Both Alianna and her mother, Valerie Grant, who frantically drove up to Tallahassee on the afternoon of the FSU shooting, said during an interview with the Herald that they were “very disappointed” to learn after the tragedy that ChatGPT played a role in guiding the gunman.
“That was his assistant … it helped him,” Valerie Grant said. “Alianna was his first victim. … I didn’t know if she was going to be paralyzed. I was terrified. I didn’t have peace for months. Her life changed that moment.”
According to Grant’s suit, “Ikner’s queries [to Chat GPT] escalated into unmistakable pre-attack research,” including how to use certain firearms and ammunition and as well as the FSU campus as a hypothetical target.

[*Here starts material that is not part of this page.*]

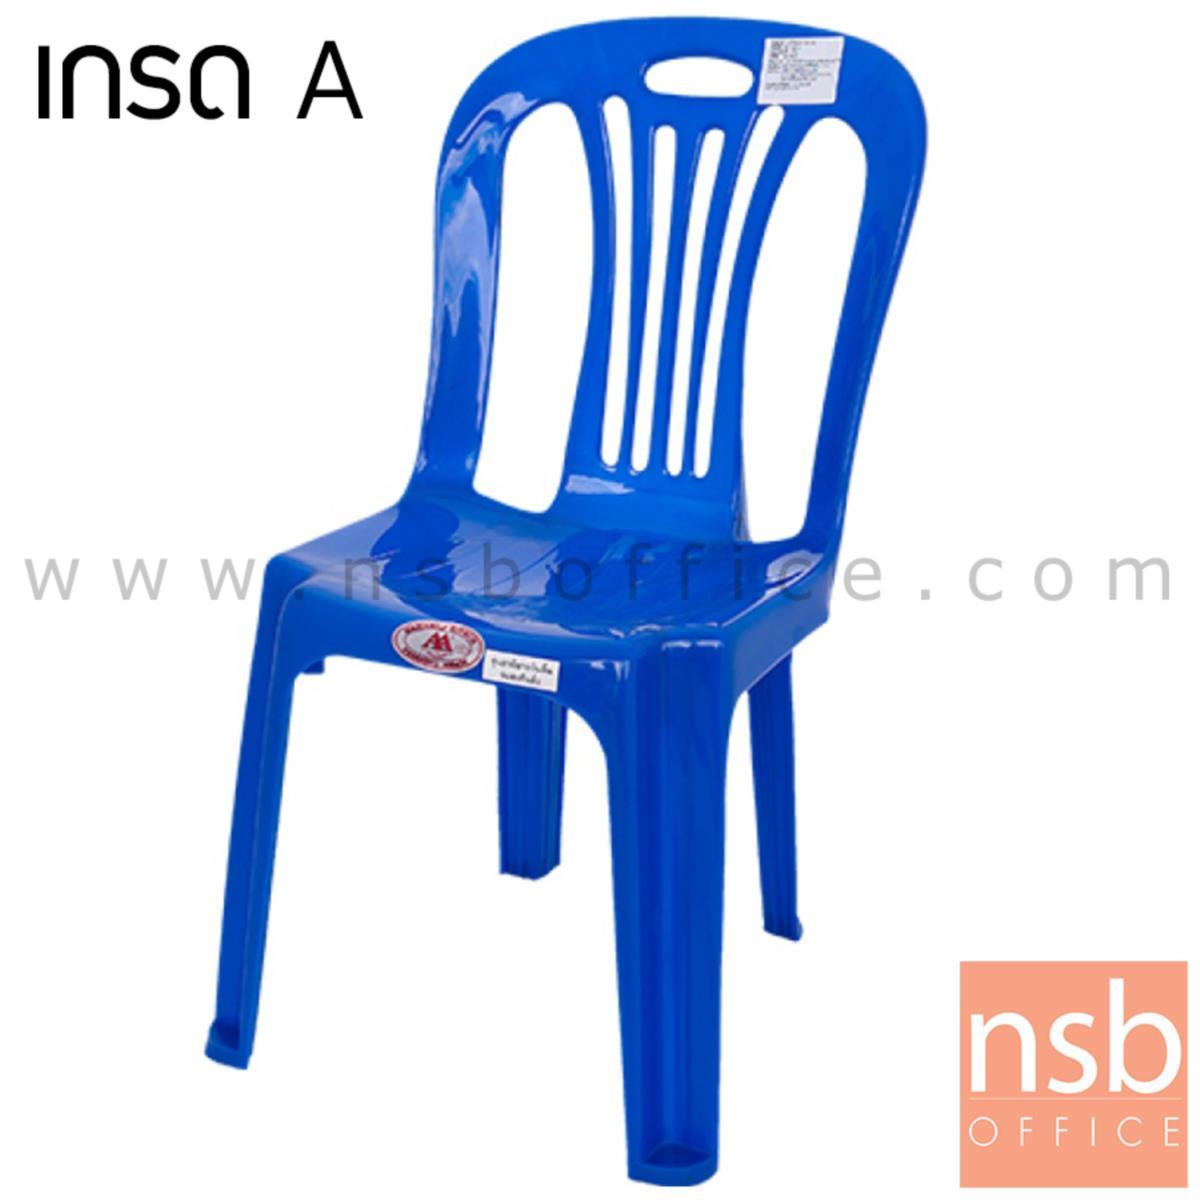 เก้าอี้พลาสติกสำหรับเด็ก รุ่น KID_CHAIR ซ้อนเก็บได้ (พลาสติกเกรด A)
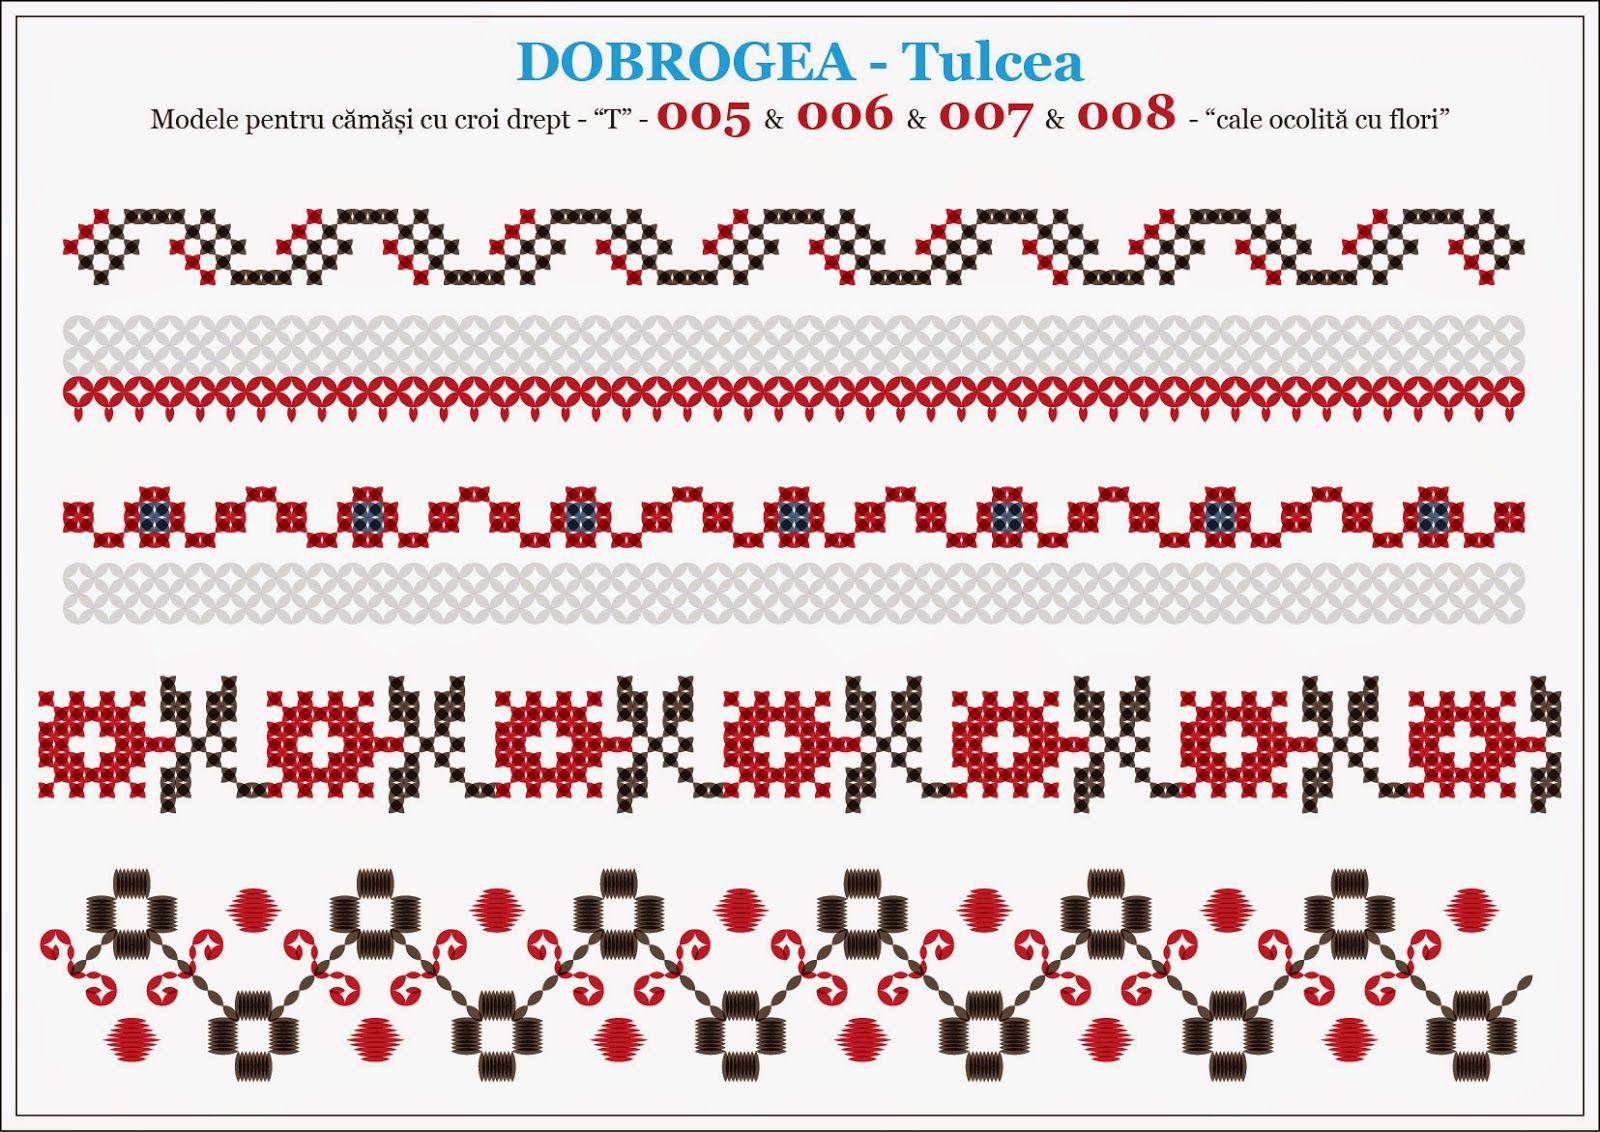 Semne Cusute: modele pentru camasi - DOBROGEA - Tulcea   cusaturi ...

Ikner, for example, asked the AI chatbot: If there was a shooting at FSU, how would the country react? ChatGPT responded: “If there were a shooting at Florida State University, the reaction across the country would likely follow a pattern seen with other high-profile mass shootings, especially at schools or universities.”
Ikner also queried ChatGPT about the peak hours of foot traffic at the FSU student union, according to the suit. ChatGPT responded: “The Florida State University student union experiences its busiest periods during weekday lunchtimes, typically between 11:30 a.m. and 1:30 p.m. This surge in activity is due to students gathering for meals, socializing, and attending events.”
Minutes later, Ikner opened fire at 11:57 a.m., the suit says.
Alianna Grant said she was able to complete her FSU bachelor’s degree with assistance, including a notetaker, and other accommodations. In the fall, she’s going to pursue a master’s in public relations and communications at the University of Florida.
Despite her recovery, Grant said she’s still carrying the scars of that day.
“I look in the mirror and I see the wounds,” she said. “It’s a hard pill to swallow.”